Chen Hong compares the treatment of Ma Shi in Lieguo Zhizhuan and Investiture of the Gods. In Lieguo Zhizhuan, her dissatisfaction with Jiang Ziya's lack of success is followed by her return when his fortunes improve. In Investiture of the Gods, she instead leaves Jiang and later dies after learning of his success.

Chen also notes that Investiture of the Gods expands the earlier accounts of Jiang Ziya's poverty. The novel adds episodes involving his unsuccessful attempts to make a living, including selling bamboo colanders and flour, before his eventual rise.

The difference in Ma Shi's fate is part of this expanded portrayal. In the earlier Lieguo Zhizhuan, she ultimately shares in Jiang's success, whereas Investiture of the Gods makes her decision to leave him permanent and ends her story with her death after learning of his rise.

A 2022 discussion of Jiang Ziya's popular image describes Investiture of the Gods as tending to satirize Ma Shi, particularly in its portrayal of her dissatisfaction with Jiang's poverty and her later regret after his rise.

== Later folk tradition ==
In Chinese folk religion, the Broom Star (扫帚星) is associated with bad luck and poverty. The broom also has protective uses in some folk traditions. It is sometimes called the "Ten Thousand Root Evil-Warding Stick" (万根辟邪棒) and placed on windows or lintels to ward off evil spirits. Generally, being called a "Broom Star" is one of the most severe folk insults regarding a person's luck. The paper figure Saoqing Niang (扫晴娘) is also depicted holding a broom.
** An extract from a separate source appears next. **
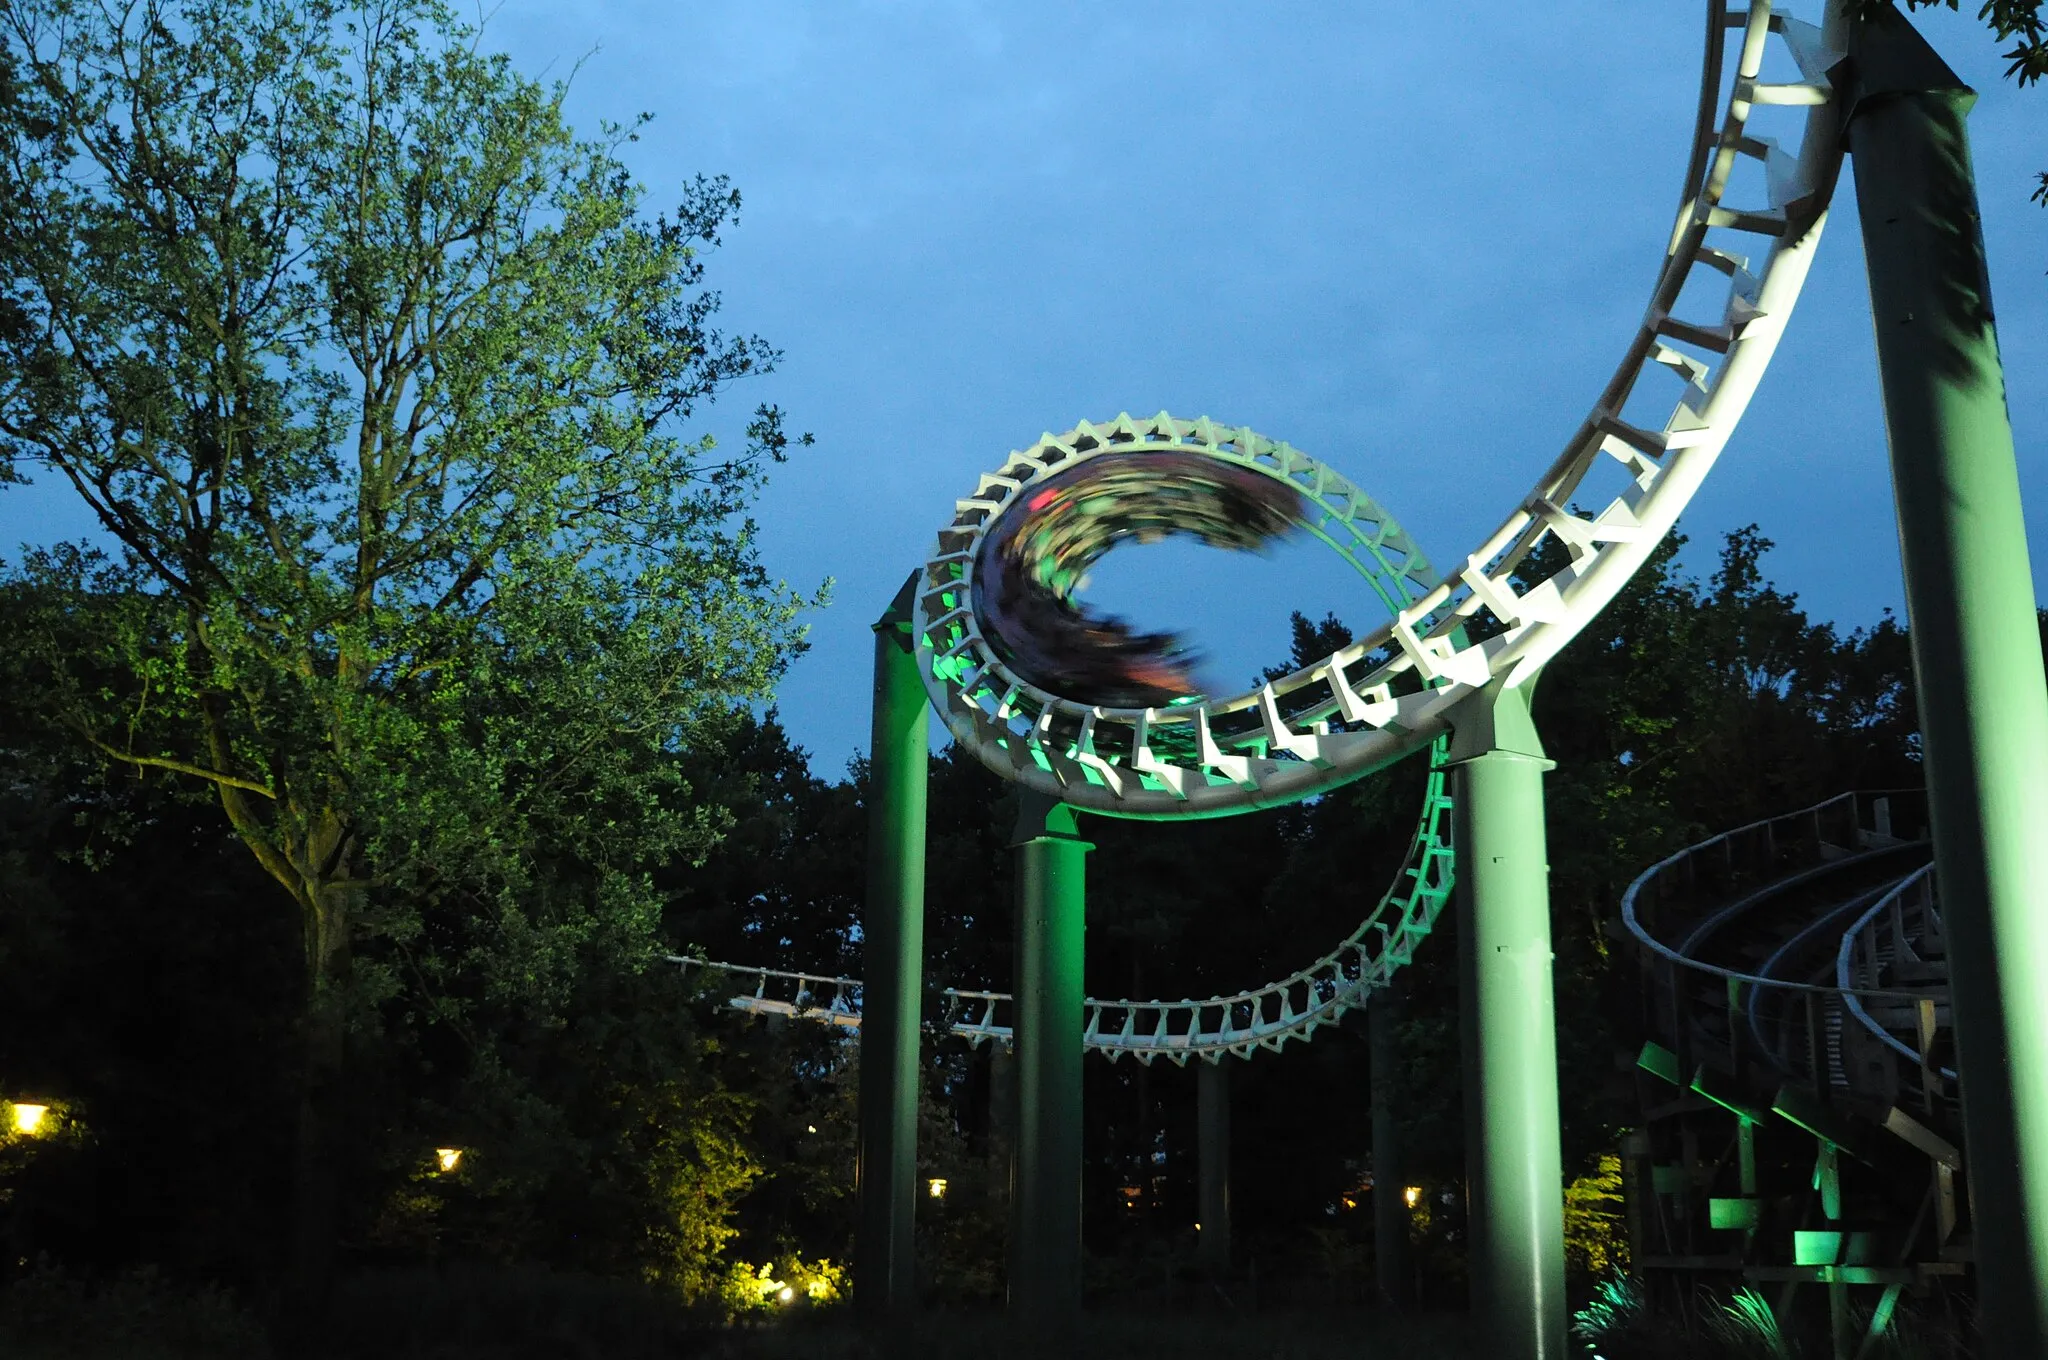 Photo showing: Picture published on Flickr with the title "Efteling Python" and the description: "Action shot during the last bit of day light".
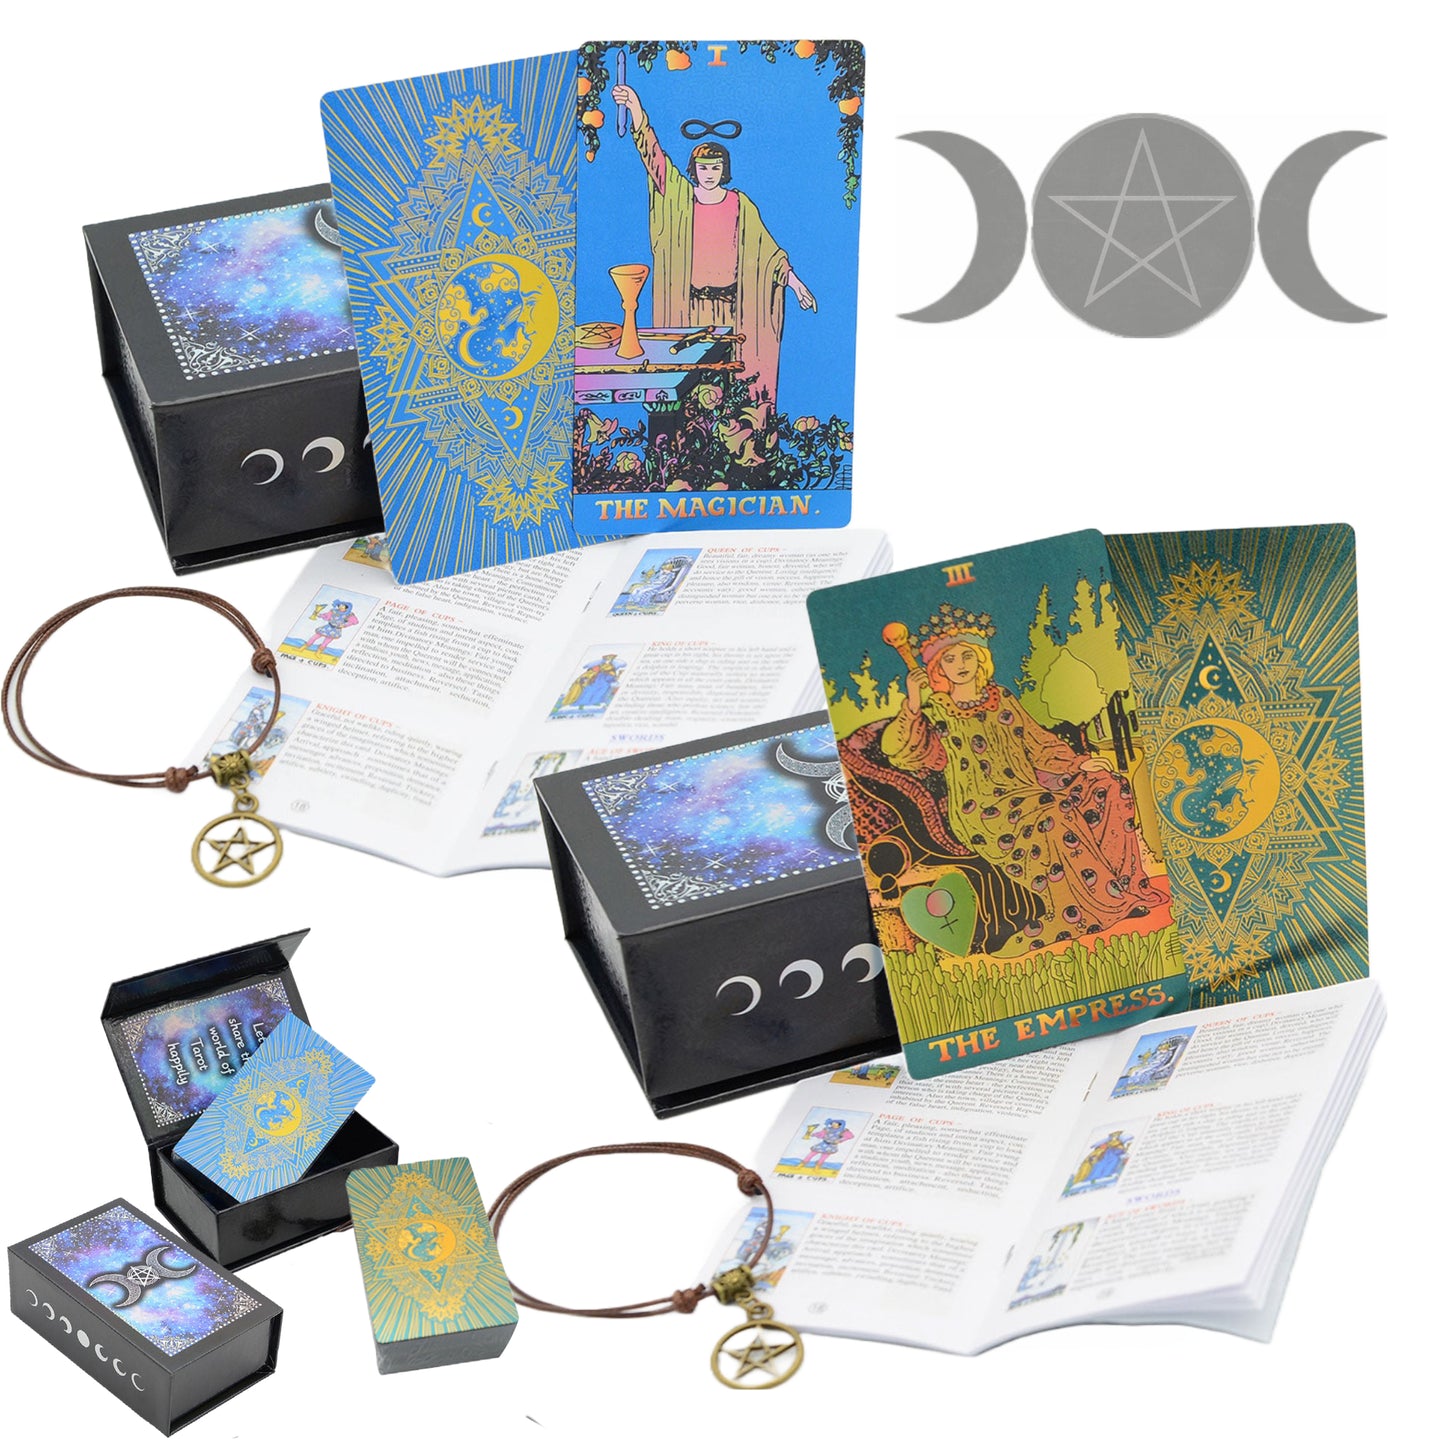 Colorful Tarot Deck In Premium Witchy Gift Box | Premium PVC Cards With English Guidebook For Beginners In Divination | Apollo Tarot Shop

In folk custom, it is hung under the eaves or on trees to pray for fine weather.

According to one account, Jiang Ziya told Ma Shi that she could not go wherever there was good fortune (福). The story was later associated with the custom of displaying the character 福 on household doors by people seeking to avoid poverty.

Another tradition associates Ma Shi with the Chinese idiom 覆水难收 (fùshuǐ nánshōu, "spilled water cannot be retrieved"). In this version, Ma Shi returns after Jiang Ziya has risen to power and asks to resume their marriage. Jiang Ziya has water poured onto the ground and tells her that he will accept her again only if she can gather the water back. She is unable to do so, and he rejects her request.

The spilled-water story is also associated with the Han-dynasty official Zhu Maichen and his wife in other versions of the tradition. A study of the story notes that the Jiang Ziya version was already recorded in the Song dynasty and closely resembles the Zhu Maichen story.